## WORK REQUEST:
In the listing below, locate the line containing "Real Pressed Yellow" and the line containing "flook the label". Output both of them and every line between, exactly as written, and nothing more.

^^^^^^^^^^^^^^^^

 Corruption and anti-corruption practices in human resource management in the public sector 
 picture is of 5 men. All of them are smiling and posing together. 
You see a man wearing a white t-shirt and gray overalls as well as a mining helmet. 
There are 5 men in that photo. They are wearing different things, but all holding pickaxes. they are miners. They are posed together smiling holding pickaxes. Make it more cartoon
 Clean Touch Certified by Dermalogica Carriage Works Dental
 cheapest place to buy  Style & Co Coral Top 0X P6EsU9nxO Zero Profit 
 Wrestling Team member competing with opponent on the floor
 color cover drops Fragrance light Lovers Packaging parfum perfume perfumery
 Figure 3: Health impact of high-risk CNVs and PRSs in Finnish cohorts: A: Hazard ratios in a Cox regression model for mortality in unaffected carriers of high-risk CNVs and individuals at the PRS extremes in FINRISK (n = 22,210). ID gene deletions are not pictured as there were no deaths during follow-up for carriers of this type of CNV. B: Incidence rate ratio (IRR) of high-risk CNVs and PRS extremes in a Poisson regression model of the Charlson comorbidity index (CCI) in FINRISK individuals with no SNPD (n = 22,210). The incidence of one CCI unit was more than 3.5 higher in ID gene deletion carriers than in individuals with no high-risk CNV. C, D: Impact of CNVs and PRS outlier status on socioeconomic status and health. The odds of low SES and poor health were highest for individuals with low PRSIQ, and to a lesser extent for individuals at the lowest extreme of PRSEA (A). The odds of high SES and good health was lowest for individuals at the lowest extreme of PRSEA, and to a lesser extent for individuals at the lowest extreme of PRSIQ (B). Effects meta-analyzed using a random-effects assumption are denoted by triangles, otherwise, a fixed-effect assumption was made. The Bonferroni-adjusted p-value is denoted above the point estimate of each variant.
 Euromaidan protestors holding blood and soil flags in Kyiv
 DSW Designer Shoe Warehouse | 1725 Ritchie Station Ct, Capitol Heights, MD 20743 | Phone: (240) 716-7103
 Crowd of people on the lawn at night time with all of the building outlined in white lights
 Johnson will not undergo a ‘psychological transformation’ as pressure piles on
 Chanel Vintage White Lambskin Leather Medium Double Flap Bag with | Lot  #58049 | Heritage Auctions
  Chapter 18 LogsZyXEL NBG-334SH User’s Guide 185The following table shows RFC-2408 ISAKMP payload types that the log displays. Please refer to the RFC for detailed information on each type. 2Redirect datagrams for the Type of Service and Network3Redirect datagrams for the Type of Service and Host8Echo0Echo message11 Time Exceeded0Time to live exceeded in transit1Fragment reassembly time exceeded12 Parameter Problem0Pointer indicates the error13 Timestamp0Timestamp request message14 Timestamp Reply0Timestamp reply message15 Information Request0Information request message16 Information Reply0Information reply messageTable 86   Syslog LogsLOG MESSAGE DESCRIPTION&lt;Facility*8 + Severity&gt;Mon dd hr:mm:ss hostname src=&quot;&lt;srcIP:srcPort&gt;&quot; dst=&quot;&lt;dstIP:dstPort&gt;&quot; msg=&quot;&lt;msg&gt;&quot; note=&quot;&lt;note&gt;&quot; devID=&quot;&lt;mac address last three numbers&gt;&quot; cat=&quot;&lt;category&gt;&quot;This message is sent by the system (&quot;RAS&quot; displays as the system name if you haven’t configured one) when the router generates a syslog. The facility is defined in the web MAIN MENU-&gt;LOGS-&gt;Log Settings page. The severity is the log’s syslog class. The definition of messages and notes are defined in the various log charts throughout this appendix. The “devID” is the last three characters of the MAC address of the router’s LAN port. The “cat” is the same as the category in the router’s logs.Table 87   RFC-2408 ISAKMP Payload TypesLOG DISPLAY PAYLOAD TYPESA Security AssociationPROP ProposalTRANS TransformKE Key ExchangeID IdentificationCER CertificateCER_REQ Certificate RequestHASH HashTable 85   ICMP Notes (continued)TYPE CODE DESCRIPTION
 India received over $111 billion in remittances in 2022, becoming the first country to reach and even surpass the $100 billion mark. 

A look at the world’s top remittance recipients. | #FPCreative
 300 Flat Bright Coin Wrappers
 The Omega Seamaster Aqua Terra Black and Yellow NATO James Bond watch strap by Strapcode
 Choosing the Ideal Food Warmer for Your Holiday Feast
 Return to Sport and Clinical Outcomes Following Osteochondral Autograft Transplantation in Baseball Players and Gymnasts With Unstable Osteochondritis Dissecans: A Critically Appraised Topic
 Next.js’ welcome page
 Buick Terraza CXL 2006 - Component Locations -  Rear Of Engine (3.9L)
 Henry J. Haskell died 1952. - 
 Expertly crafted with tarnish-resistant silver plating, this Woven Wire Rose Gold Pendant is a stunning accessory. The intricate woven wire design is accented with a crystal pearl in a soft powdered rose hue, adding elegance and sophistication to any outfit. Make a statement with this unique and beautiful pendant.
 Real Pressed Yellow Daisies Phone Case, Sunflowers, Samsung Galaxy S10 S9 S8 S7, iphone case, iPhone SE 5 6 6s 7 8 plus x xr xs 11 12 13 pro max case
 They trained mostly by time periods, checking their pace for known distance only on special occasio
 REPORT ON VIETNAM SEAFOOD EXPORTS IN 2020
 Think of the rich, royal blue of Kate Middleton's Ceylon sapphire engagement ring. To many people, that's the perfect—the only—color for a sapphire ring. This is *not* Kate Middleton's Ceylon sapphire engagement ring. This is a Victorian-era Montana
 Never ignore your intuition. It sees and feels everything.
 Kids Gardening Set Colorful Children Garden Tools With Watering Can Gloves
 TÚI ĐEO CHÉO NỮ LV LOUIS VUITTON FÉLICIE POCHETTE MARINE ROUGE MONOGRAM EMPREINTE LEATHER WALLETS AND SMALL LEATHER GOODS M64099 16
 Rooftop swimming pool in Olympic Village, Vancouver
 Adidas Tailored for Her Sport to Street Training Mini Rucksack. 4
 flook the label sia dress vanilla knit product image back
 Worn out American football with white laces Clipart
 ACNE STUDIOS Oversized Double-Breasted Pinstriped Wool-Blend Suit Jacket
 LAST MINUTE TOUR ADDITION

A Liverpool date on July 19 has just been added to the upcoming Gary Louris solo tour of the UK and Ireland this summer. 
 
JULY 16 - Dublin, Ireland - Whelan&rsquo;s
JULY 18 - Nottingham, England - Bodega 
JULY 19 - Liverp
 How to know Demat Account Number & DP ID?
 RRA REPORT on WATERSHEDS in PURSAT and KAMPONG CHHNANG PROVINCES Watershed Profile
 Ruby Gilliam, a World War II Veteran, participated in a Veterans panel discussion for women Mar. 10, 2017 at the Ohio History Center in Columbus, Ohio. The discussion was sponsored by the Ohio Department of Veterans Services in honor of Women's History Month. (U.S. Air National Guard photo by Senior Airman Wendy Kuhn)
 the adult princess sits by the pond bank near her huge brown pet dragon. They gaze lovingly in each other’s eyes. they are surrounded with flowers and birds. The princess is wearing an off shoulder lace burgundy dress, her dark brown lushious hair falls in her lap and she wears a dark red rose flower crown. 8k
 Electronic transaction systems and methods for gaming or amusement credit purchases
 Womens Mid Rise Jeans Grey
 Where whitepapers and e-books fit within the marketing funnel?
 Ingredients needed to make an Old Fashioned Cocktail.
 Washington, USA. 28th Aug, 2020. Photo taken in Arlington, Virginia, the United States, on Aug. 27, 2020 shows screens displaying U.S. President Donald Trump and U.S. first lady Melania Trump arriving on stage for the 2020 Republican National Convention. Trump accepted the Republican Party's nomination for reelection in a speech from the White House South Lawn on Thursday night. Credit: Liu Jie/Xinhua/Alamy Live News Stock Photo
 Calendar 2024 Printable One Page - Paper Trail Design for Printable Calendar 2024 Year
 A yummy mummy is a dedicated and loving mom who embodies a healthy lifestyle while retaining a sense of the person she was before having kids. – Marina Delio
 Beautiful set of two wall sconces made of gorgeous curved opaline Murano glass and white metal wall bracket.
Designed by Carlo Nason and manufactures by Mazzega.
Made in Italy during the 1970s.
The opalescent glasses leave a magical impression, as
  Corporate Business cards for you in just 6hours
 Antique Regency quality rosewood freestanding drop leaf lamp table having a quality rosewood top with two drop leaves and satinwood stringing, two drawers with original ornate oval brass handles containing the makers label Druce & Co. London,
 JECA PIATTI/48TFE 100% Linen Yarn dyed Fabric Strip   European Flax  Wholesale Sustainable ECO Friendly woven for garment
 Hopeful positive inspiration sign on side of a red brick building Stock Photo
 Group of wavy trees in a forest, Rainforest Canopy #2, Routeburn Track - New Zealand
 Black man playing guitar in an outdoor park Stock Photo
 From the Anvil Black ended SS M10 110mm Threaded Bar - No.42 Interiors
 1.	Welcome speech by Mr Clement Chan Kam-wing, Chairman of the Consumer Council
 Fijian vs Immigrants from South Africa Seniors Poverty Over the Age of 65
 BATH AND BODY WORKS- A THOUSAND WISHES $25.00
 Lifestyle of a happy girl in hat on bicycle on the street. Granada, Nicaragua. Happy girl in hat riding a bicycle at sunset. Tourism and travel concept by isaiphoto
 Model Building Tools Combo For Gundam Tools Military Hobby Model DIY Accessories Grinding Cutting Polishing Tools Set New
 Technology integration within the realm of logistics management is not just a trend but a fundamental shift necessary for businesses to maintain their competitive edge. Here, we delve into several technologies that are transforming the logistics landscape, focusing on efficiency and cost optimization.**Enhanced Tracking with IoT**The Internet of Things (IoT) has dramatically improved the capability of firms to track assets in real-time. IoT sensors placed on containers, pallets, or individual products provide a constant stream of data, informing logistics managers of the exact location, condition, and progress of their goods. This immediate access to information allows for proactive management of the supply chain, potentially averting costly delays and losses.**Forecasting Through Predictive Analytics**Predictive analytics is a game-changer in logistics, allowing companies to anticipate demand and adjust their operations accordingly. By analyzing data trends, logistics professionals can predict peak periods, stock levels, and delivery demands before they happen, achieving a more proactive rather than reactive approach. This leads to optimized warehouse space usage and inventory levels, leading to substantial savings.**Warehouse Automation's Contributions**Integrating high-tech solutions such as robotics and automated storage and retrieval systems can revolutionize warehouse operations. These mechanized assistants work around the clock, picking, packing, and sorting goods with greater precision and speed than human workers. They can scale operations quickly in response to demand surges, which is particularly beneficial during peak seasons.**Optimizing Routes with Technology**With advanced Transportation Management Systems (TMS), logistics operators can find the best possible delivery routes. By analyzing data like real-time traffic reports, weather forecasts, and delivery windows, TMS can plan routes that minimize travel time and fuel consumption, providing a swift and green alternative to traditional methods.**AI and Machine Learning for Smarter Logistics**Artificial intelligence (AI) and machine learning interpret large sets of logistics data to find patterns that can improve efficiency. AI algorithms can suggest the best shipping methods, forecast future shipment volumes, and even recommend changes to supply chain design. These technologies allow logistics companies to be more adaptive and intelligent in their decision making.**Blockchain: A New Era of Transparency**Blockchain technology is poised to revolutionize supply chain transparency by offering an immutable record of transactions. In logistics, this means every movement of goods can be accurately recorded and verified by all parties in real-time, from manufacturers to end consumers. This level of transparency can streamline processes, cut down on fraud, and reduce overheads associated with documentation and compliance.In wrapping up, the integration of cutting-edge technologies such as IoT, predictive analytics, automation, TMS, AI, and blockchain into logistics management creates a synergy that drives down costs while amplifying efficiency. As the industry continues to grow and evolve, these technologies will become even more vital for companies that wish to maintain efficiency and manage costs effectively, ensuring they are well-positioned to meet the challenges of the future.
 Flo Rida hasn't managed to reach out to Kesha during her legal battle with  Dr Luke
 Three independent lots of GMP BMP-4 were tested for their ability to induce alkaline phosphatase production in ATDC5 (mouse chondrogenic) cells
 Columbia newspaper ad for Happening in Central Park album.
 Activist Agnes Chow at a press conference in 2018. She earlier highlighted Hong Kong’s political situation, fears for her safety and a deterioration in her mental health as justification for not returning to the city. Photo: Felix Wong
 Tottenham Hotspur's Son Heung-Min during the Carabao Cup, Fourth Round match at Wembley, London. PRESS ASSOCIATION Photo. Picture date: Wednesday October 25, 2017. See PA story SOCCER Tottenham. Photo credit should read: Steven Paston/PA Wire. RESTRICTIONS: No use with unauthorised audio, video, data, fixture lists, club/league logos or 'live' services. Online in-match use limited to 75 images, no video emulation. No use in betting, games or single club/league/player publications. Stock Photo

^^^^^^^^^^^^^^^^

## TASK ANSWER:
 Real Pressed Yellow Daisies Phone Case, Sunflowers, Samsung Galaxy S10 S9 S8 S7, iphone case, iPhone SE 5 6 6s 7 8 plus x xr xs 11 12 13 pro max case
 They trained mostly by time periods, checking their pace for known distance only on special occasio
 REPORT ON VIETNAM SEAFOOD EXPORTS IN 2020
 Think of the rich, royal blue of Kate Middleton's Ceylon sapphire engagement ring. To many people, that's the perfect—the only—color for a sapphire ring. This is *not* Kate Middleton's Ceylon sapphire engagement ring. This is a Victorian-era Montana
 Never ignore your intuition. It sees and feels everything.
 Kids Gardening Set Colorful Children Garden Tools With Watering Can Gloves
 TÚI ĐEO CHÉO NỮ LV LOUIS VUITTON FÉLICIE POCHETTE MARINE ROUGE MONOGRAM EMPREINTE LEATHER WALLETS AND SMALL LEATHER GOODS M64099 16
 Rooftop swimming pool in Olympic Village, Vancouver
 Adidas Tailored for Her Sport to Street Training Mini Rucksack. 4
 flook the label sia dress vanilla knit product image back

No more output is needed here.